Below are records; print only the lines from the line containing "Follow Me On" to the end, both included, reproduced exactly and without the pictures.

Data entries:
========================

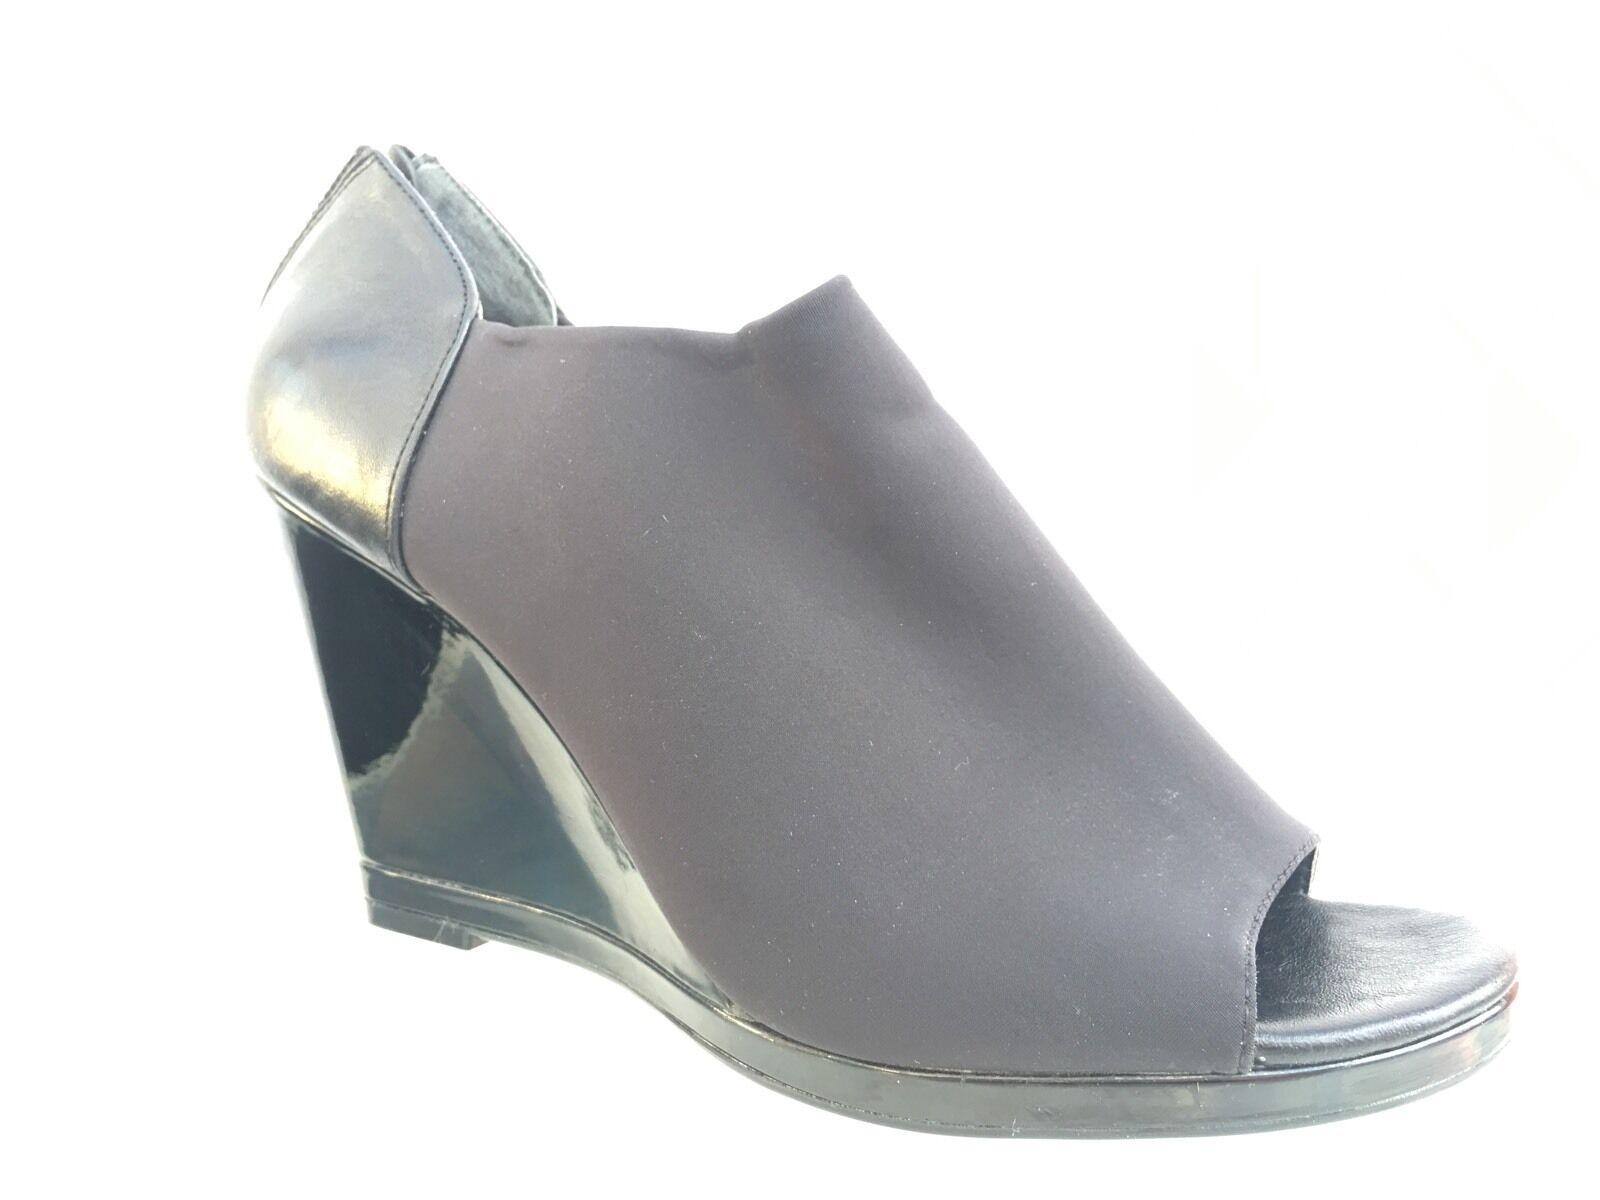 Donald J Pliner Hanna Negro Zapatos Zapatos Zapatos para mujer Talla 9 Nuevo  268 e5ae96
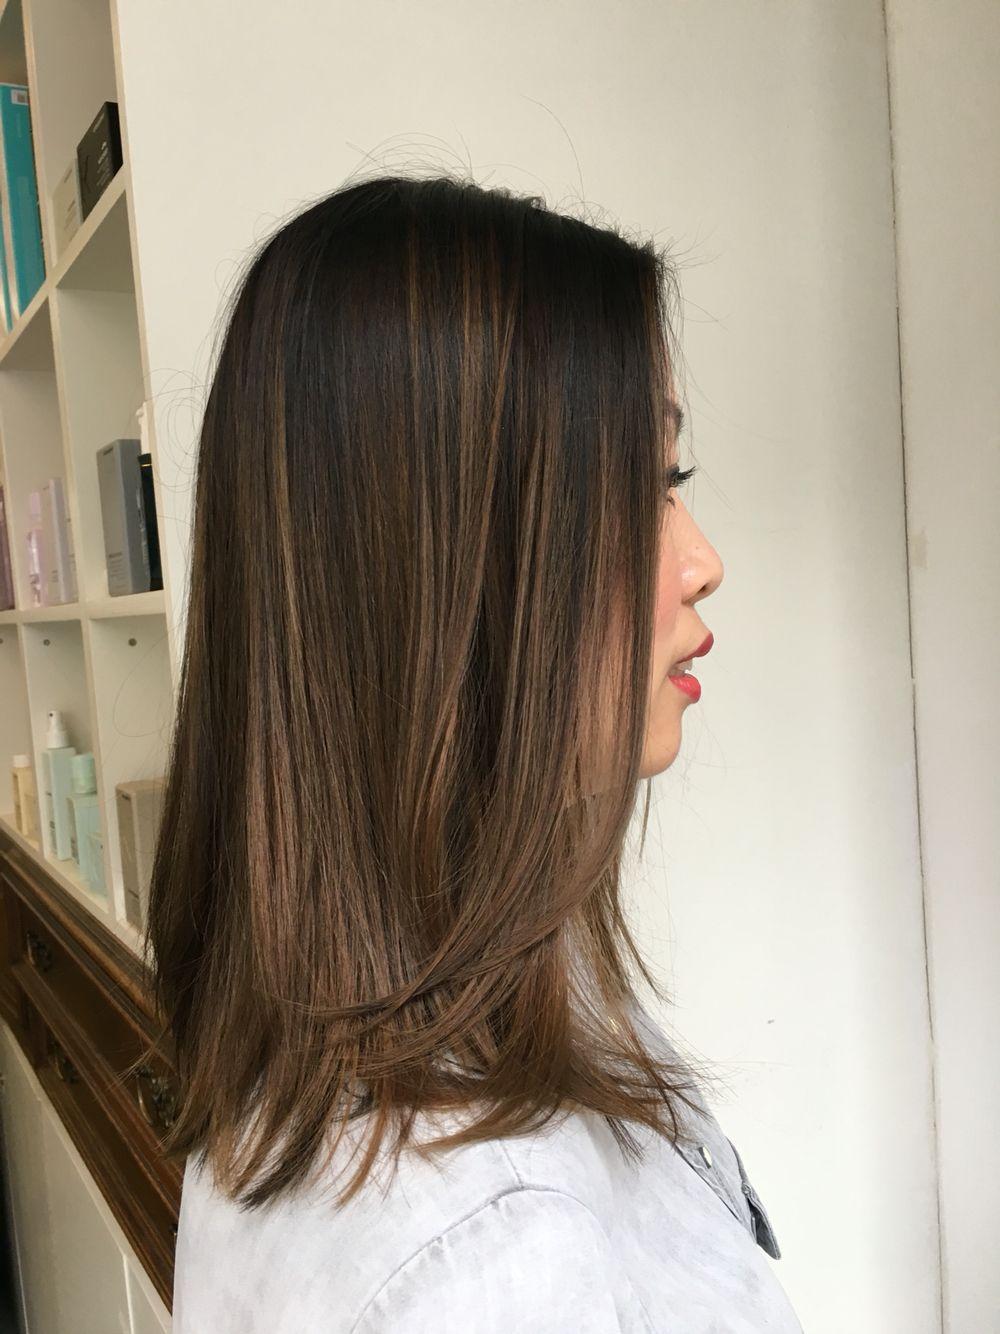 Follow Me On Instagram For More Of My Work Missmary 79 Balayage Balayagehighlights Hair Haircolor A Balayage Straight Hair Hair Color Asian Balayage Hair
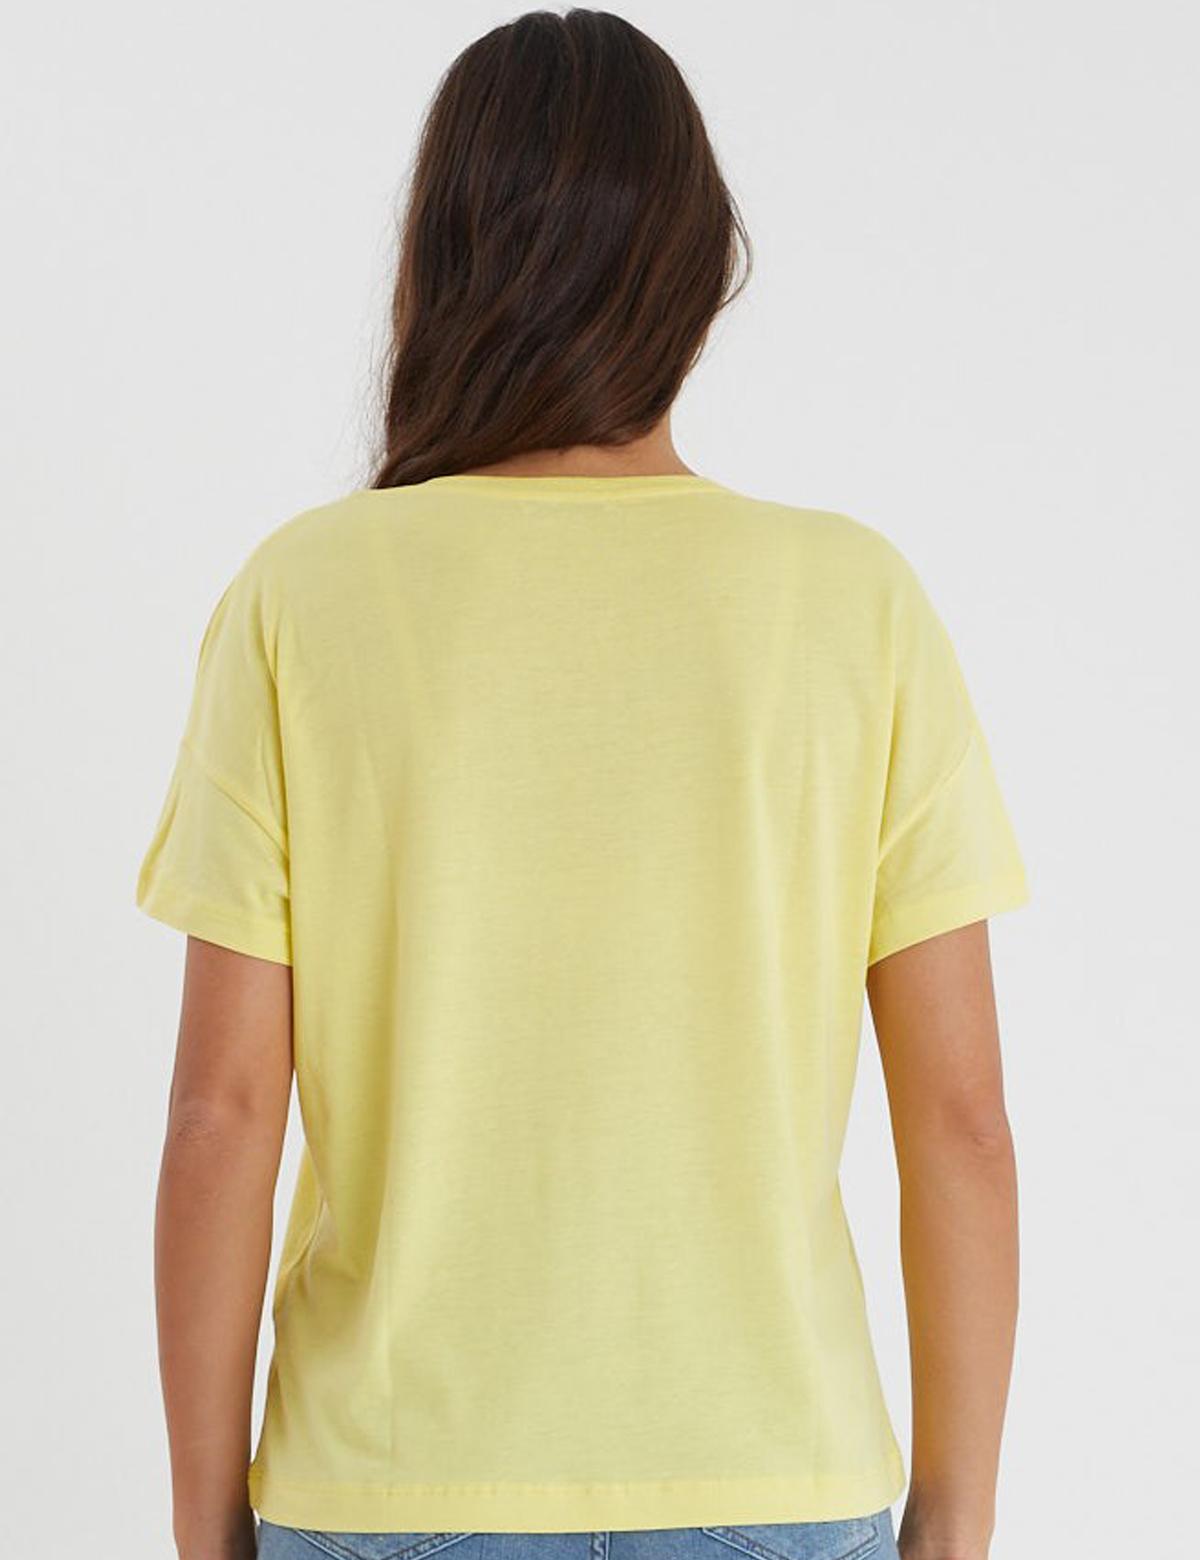 Футболка жовта6
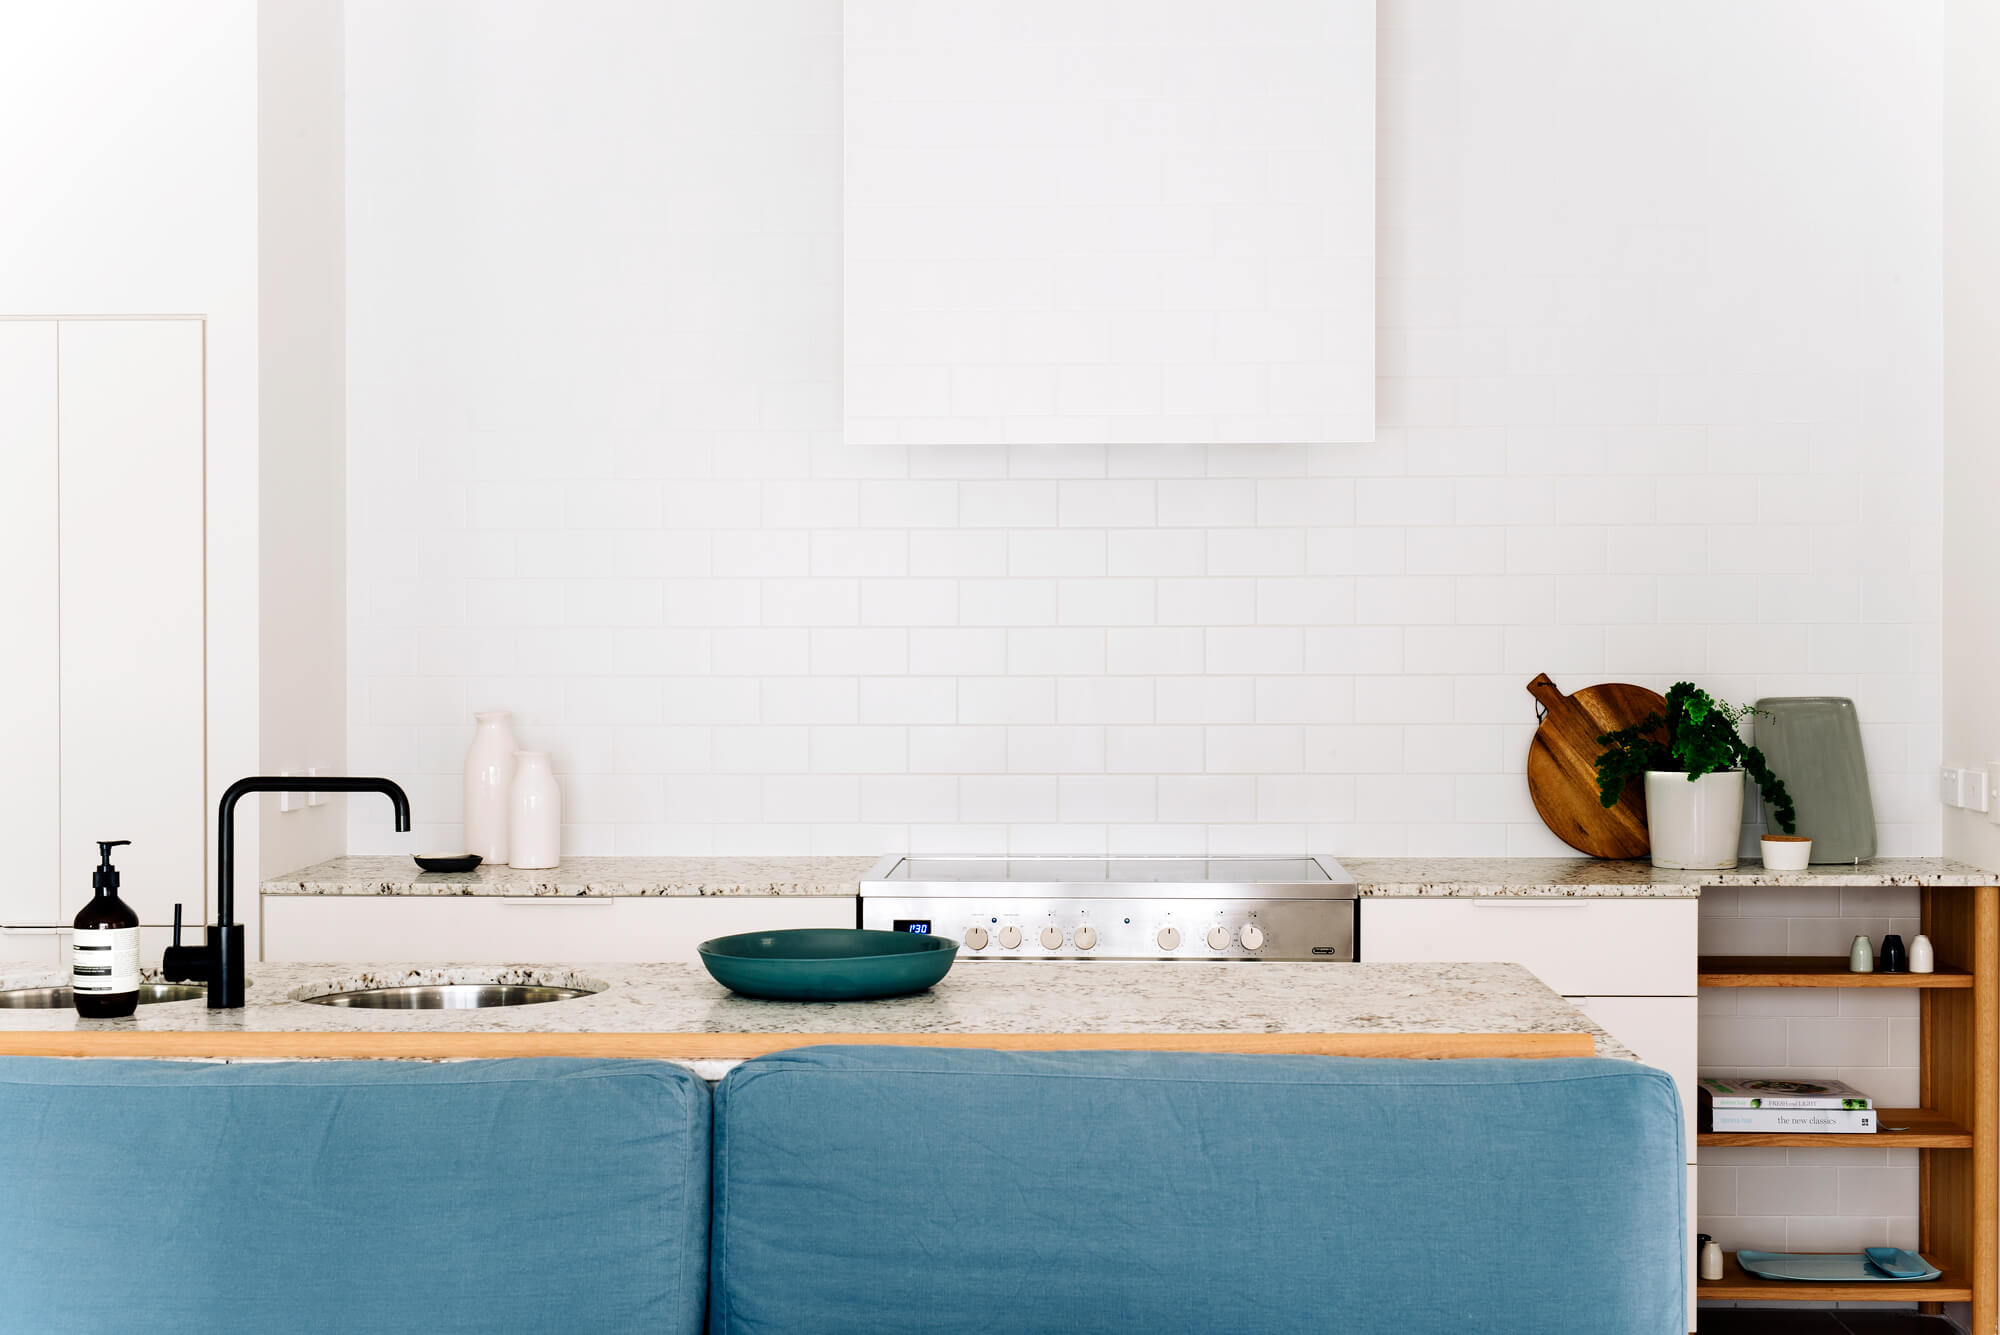 georgia-cannon-interior-designer-brisbane-project-r1-kitchen-6927.jpg
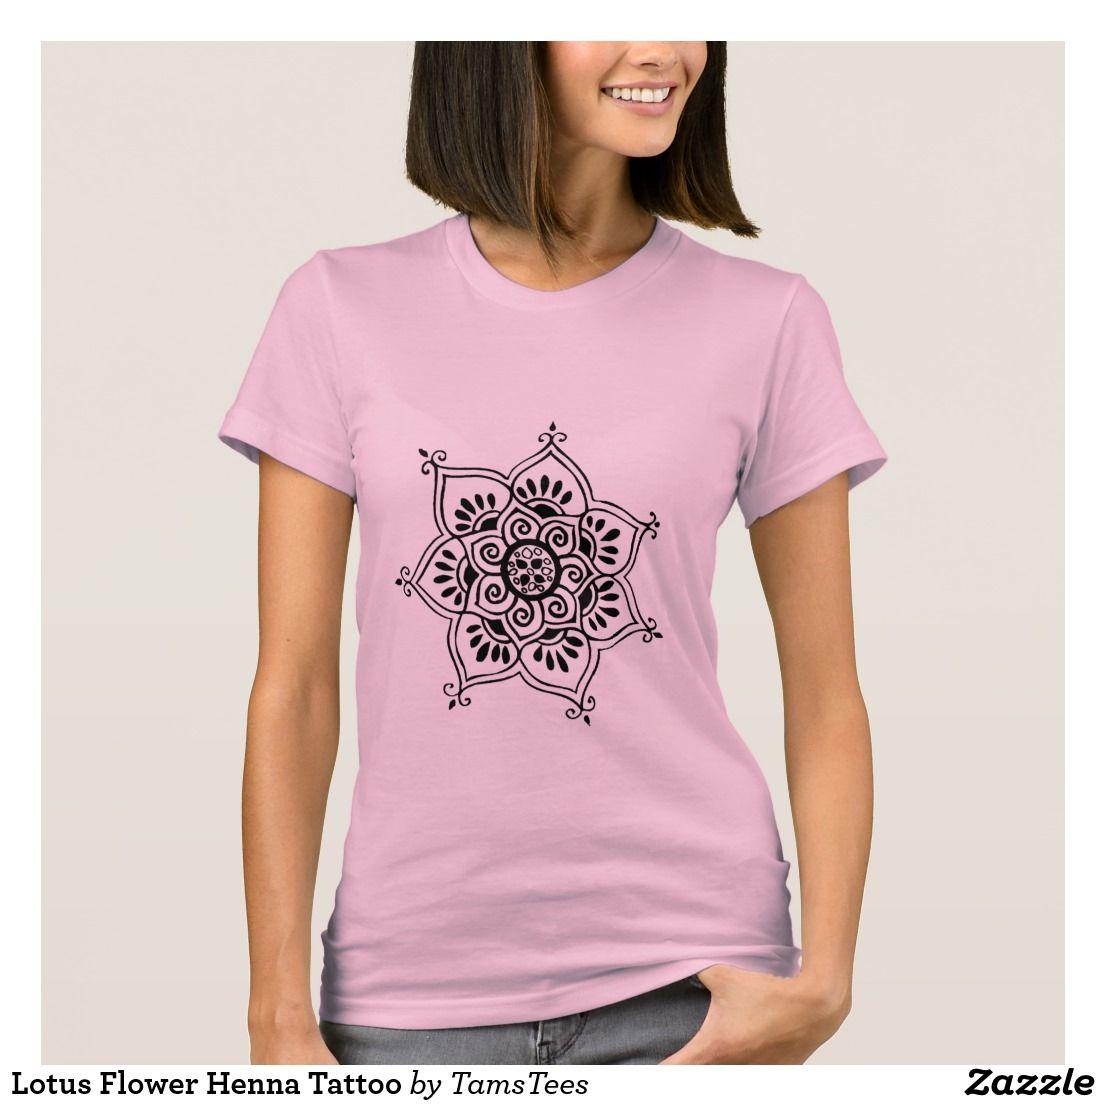 Lotus flower henna tattoo t shirt lotus flower henna flower henna lotus flower henna tattoo t shirt izmirmasajfo Images

========================

### Solution to this problem
 Follow Me On Instagram For More Of My Work Missmary 79 Balayage Balayagehighlights Hair Haircolor A Balayage Straight Hair Hair Color Asian Balayage Hair
 Футболка жовта6
 georgia-cannon-interior-designer-brisbane-project-r1-kitchen-6927.jpg
 Lotus flower henna tattoo t shirt lotus flower henna flower henna lotus flower henna tattoo t shirt izmirmasajfo Images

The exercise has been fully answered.